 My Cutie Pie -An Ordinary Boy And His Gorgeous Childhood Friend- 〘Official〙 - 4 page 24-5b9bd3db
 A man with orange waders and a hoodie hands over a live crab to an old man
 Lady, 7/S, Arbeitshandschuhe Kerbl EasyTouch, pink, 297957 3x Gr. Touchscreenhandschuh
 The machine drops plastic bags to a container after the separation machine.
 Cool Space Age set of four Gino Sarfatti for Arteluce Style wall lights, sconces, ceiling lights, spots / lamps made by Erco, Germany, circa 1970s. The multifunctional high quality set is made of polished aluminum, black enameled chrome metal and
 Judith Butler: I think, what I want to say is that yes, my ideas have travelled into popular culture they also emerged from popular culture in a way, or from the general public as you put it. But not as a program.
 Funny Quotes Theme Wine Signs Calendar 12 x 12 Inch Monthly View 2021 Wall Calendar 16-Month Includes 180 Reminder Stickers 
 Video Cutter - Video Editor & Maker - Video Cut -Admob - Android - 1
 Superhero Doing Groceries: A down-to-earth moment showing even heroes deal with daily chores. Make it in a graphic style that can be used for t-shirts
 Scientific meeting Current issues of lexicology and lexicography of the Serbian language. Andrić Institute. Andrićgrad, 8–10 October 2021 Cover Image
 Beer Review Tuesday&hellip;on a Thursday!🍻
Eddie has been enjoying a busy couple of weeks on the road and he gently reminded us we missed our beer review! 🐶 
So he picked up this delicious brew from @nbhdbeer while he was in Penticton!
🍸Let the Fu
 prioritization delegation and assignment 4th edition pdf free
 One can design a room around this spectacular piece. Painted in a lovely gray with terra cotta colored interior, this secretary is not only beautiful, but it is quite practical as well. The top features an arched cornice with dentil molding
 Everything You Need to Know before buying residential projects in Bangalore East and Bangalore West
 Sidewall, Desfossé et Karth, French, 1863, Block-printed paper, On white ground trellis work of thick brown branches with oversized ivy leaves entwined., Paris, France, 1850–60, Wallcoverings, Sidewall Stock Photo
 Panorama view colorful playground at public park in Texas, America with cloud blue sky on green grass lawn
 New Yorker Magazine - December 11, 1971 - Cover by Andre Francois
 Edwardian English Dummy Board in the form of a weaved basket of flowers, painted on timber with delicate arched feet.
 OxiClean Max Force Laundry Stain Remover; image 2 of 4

********

WHAT TO WORK ON ▸ Note each line above that contains "arched" and copy it out.

TASK SOLUTION ▸
 One can design a room around this spectacular piece. Painted in a lovely gray with terra cotta colored interior, this secretary is not only beautiful, but it is quite practical as well. The top features an arched cornice with dentil molding
 Edwardian English Dummy Board in the form of a weaved basket of flowers, painted on timber with delicate arched feet.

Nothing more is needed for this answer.